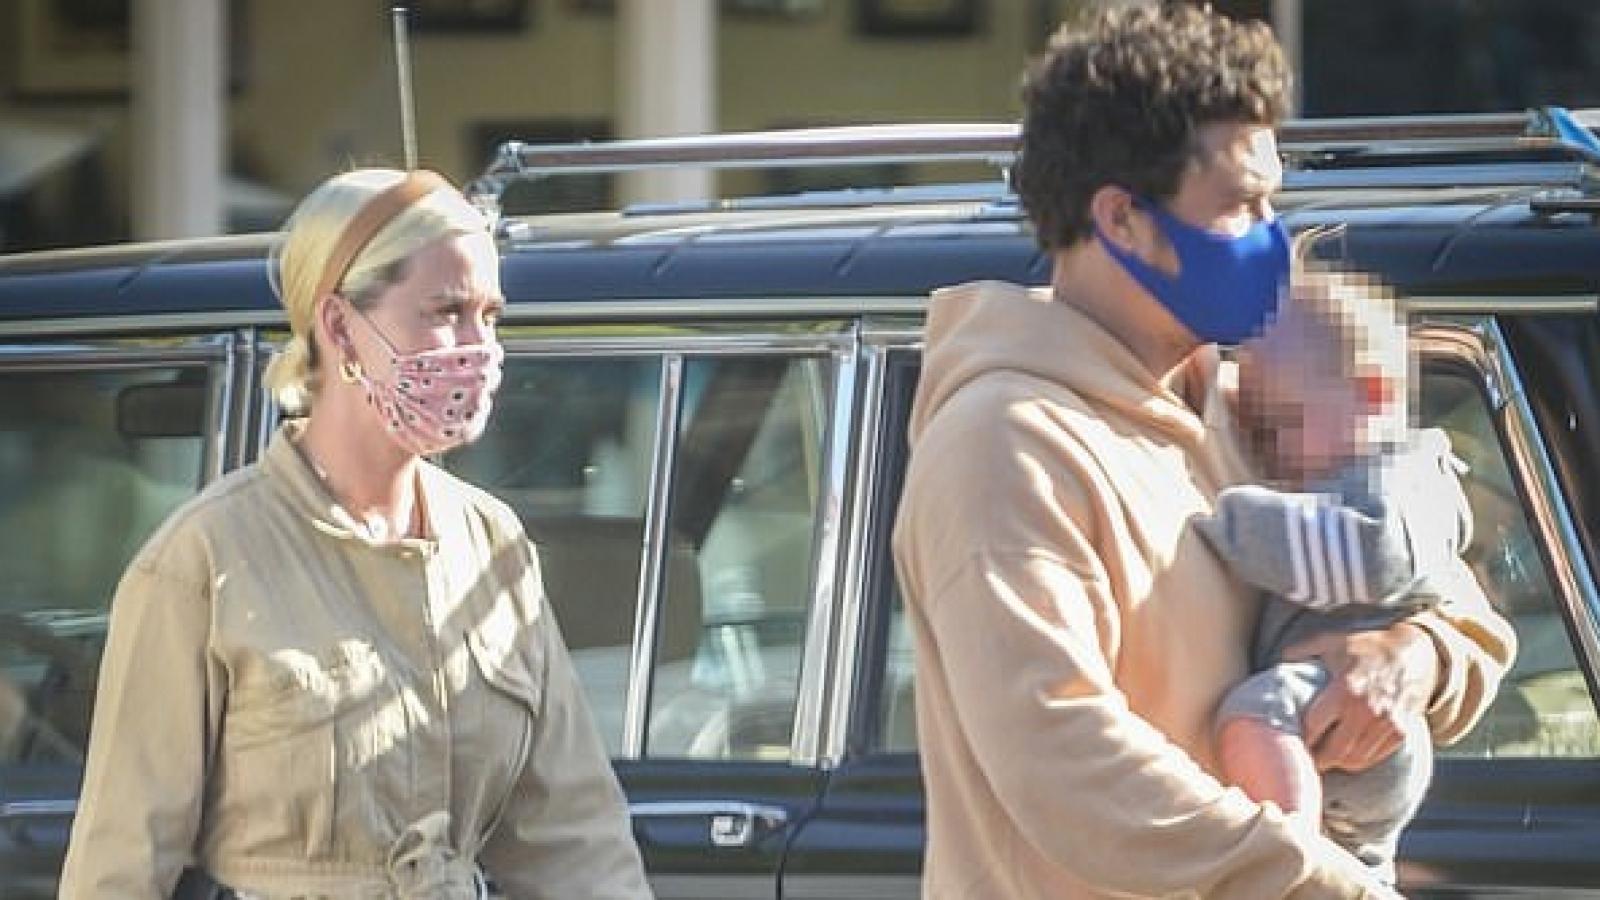 Ngày của mẹ, Orlando Bloom - Katy Perry hào hứng đưa con gái cưng đi chơi
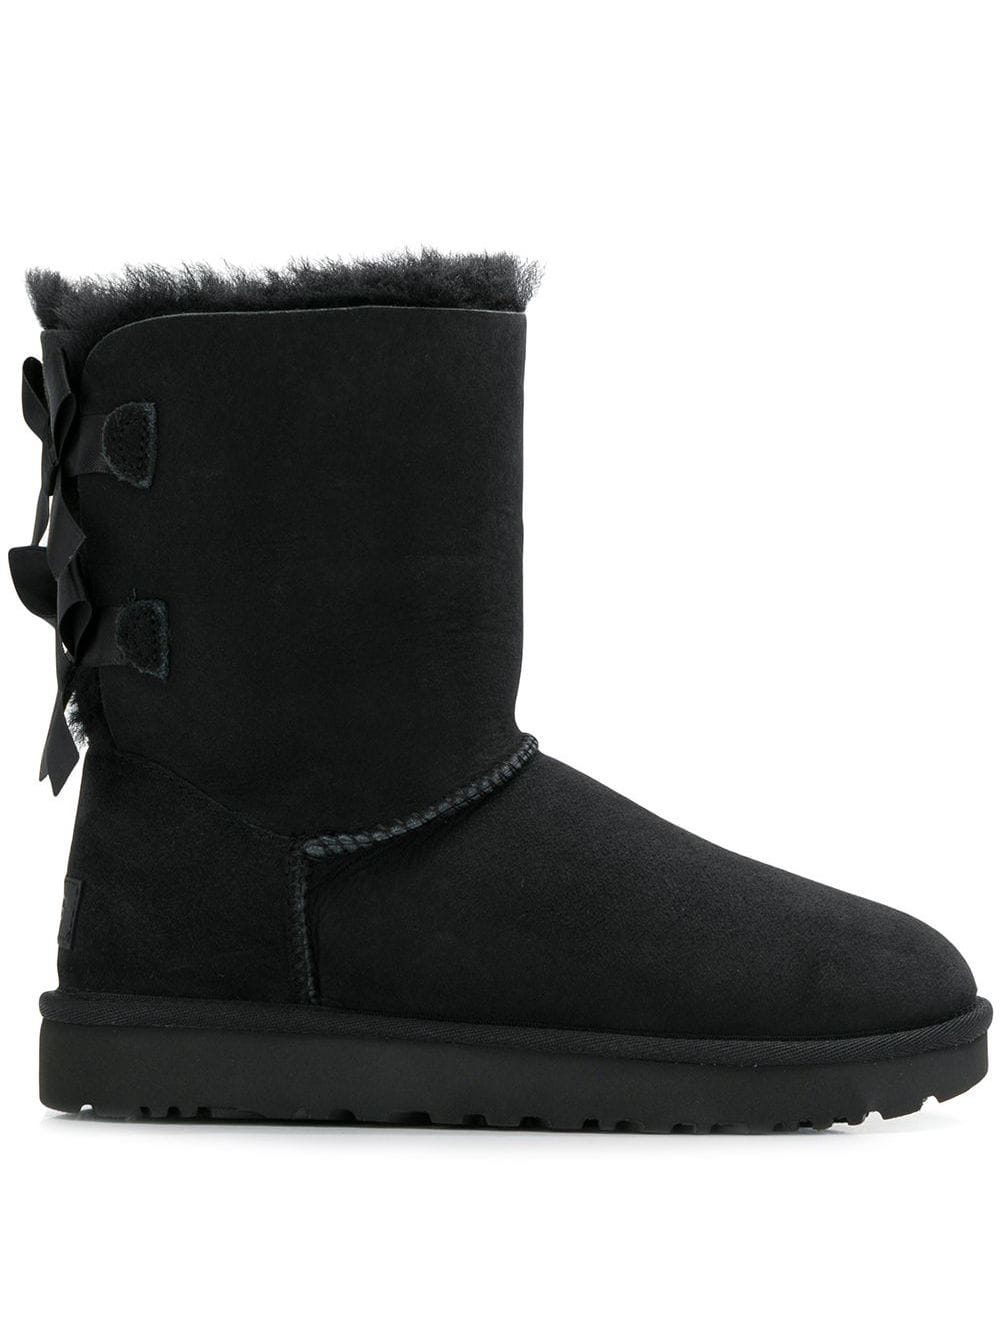 Bailey Bow Ii Boots
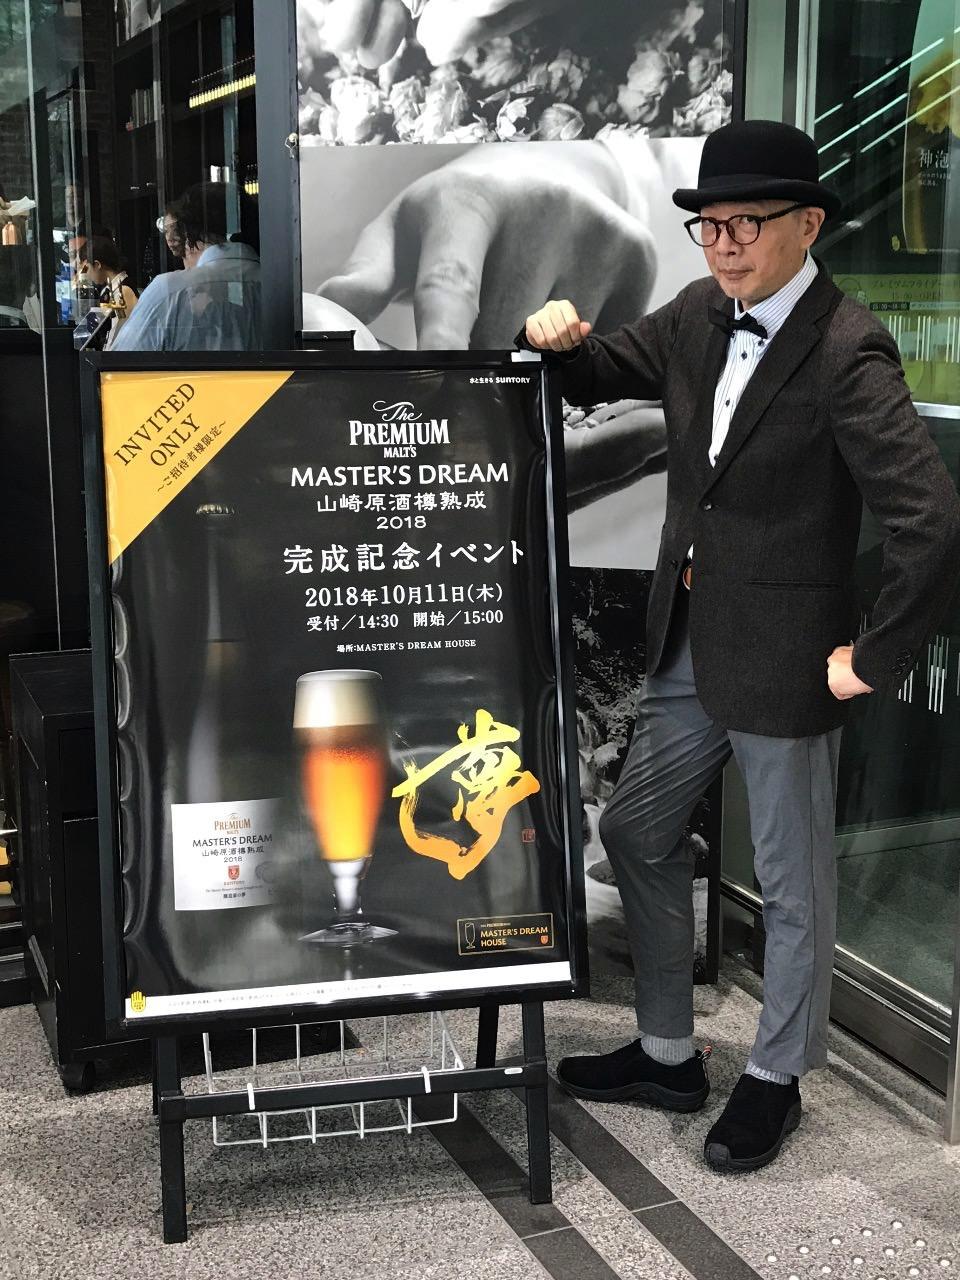 【プレモル】「マスターズドリーム 山崎原酒樽熟成2018」ウイスキー樽で熟成しているからビールなのにウイスキーの味わいが‥‥する‥‥!!
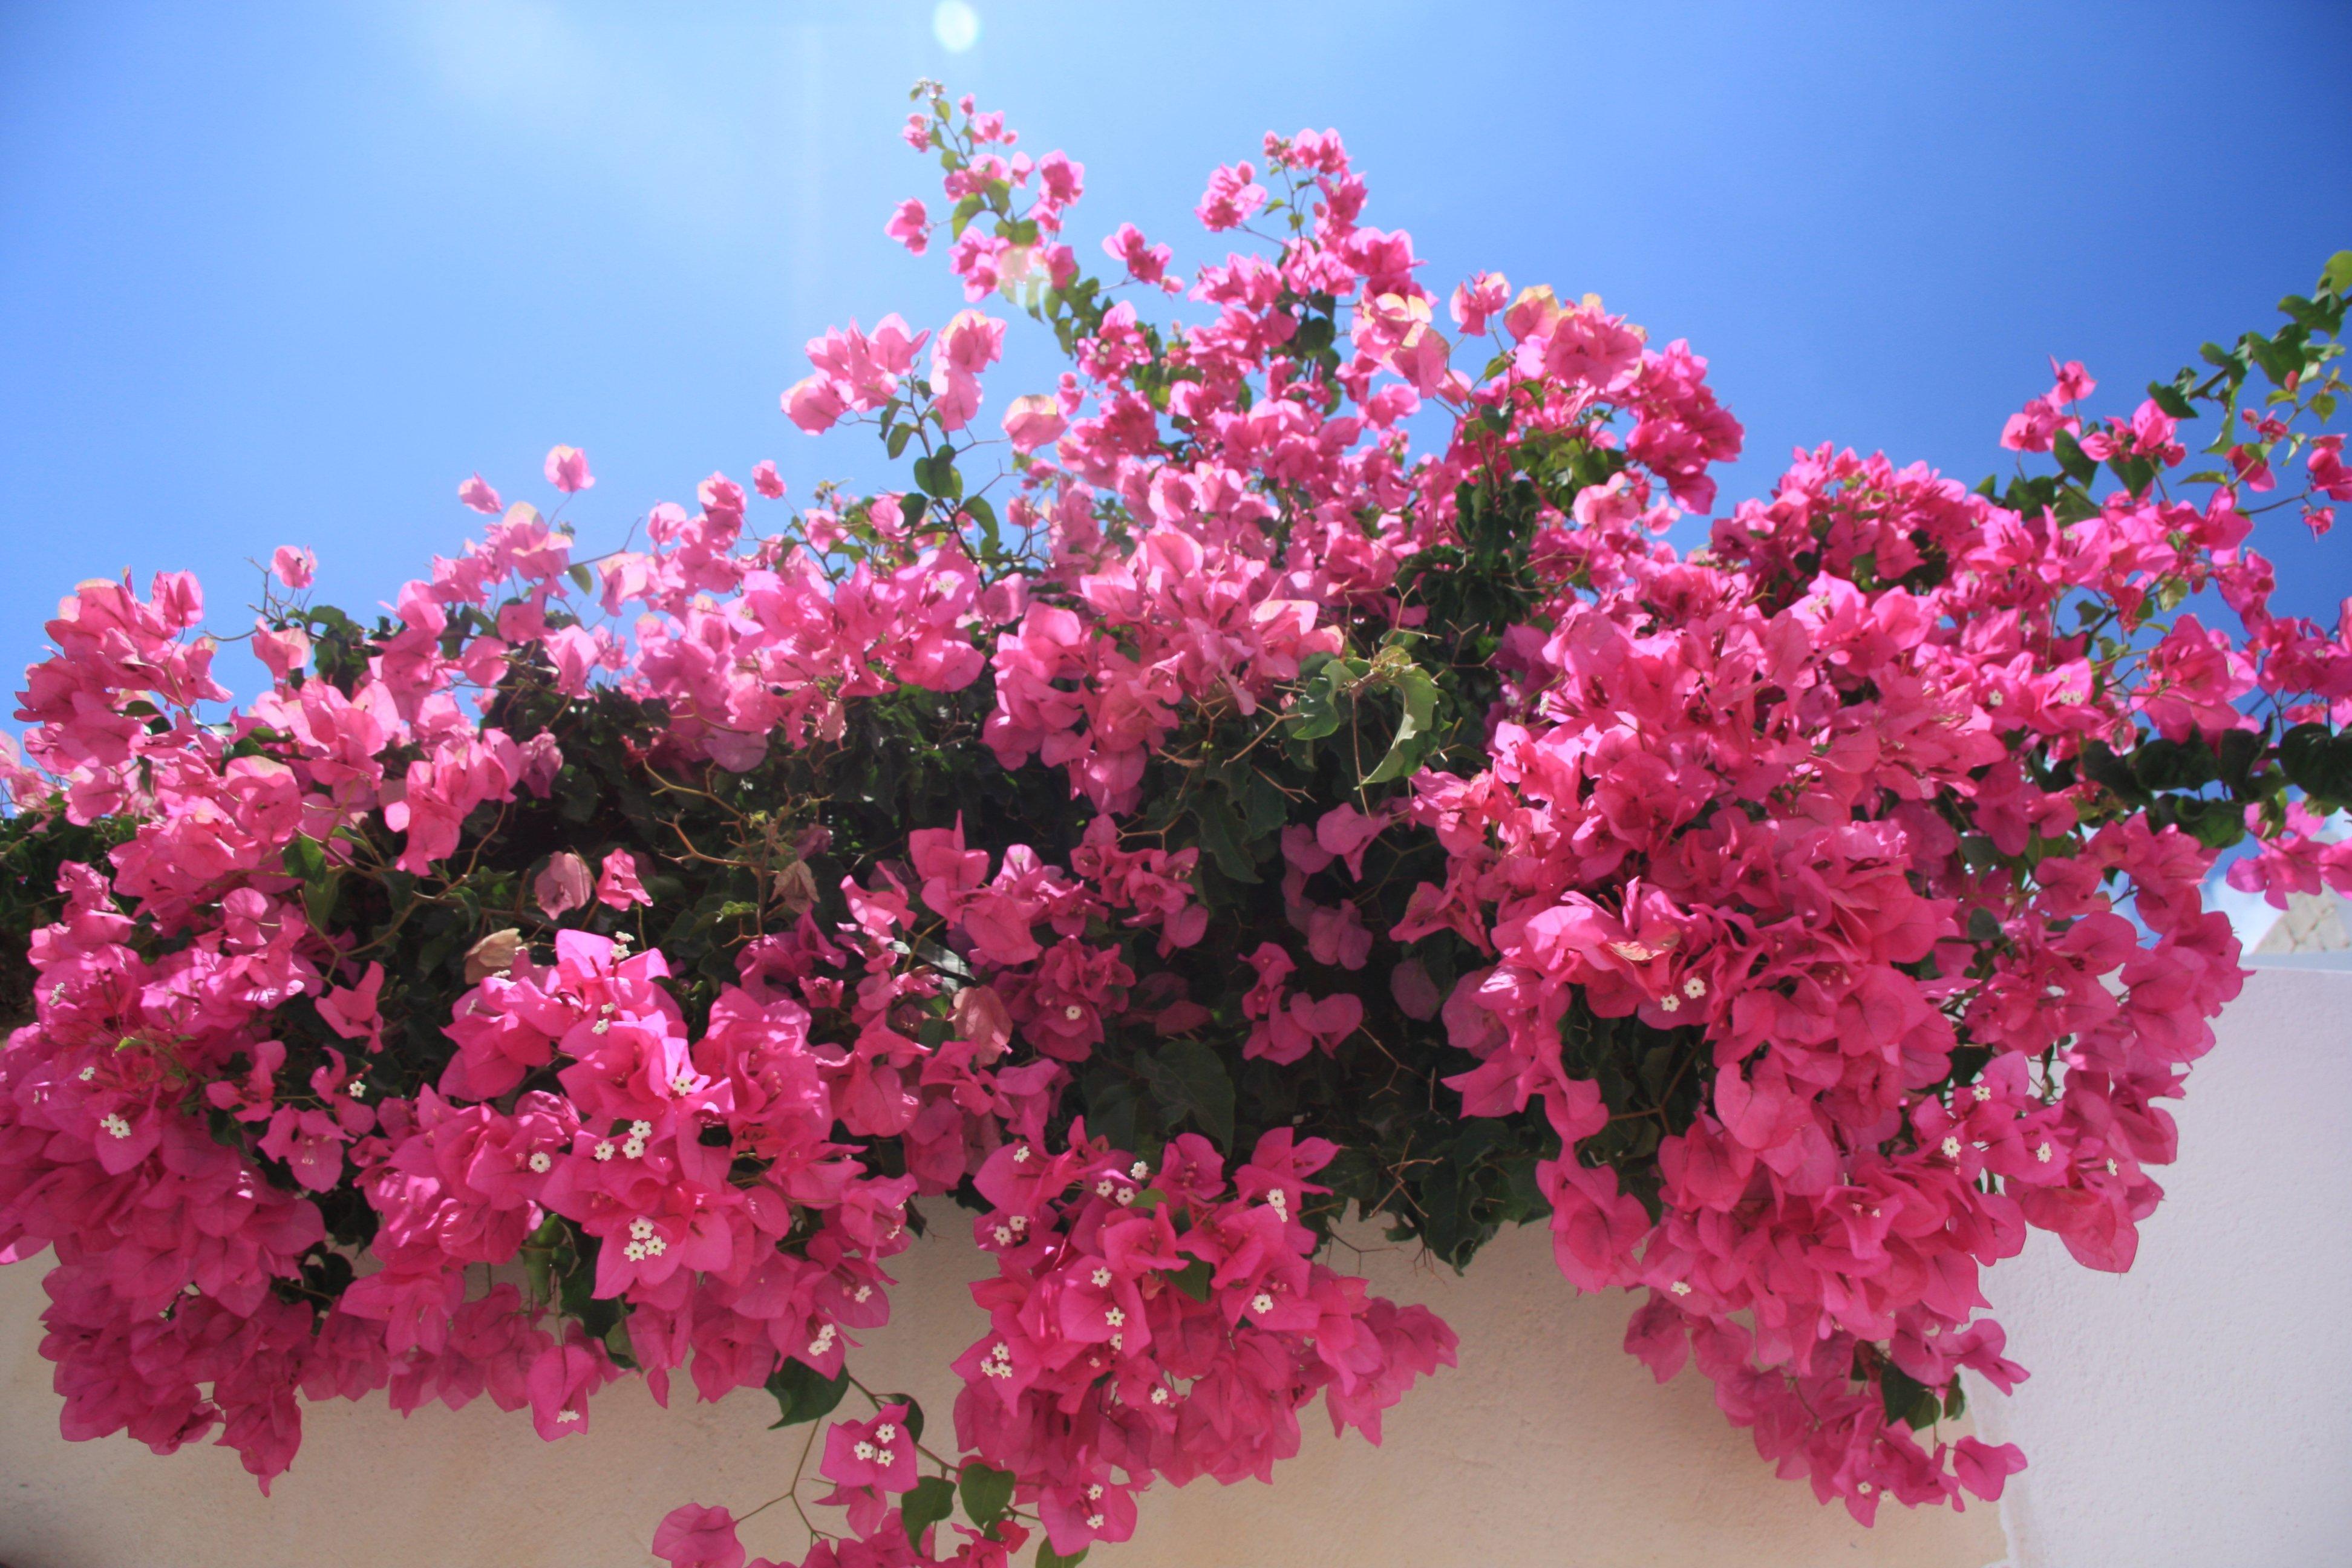 Bougainville Fleur à images gratuites : arbre, branche, fleur, feuille, pétale, rose

---

▸ **Exercise objective**
All of the material must be given again exactly, though no picture may appear in the copy.

▸ **Task solution**
 Ngày của mẹ, Orlando Bloom - Katy Perry hào hứng đưa con gái cưng đi chơi
 Bailey Bow Ii Boots
 【プレモル】「マスターズドリーム 山崎原酒樽熟成2018」ウイスキー樽で熟成しているからビールなのにウイスキーの味わいが‥‥する‥‥!!
 Bougainville Fleur à images gratuites : arbre, branche, fleur, feuille, pétale, rose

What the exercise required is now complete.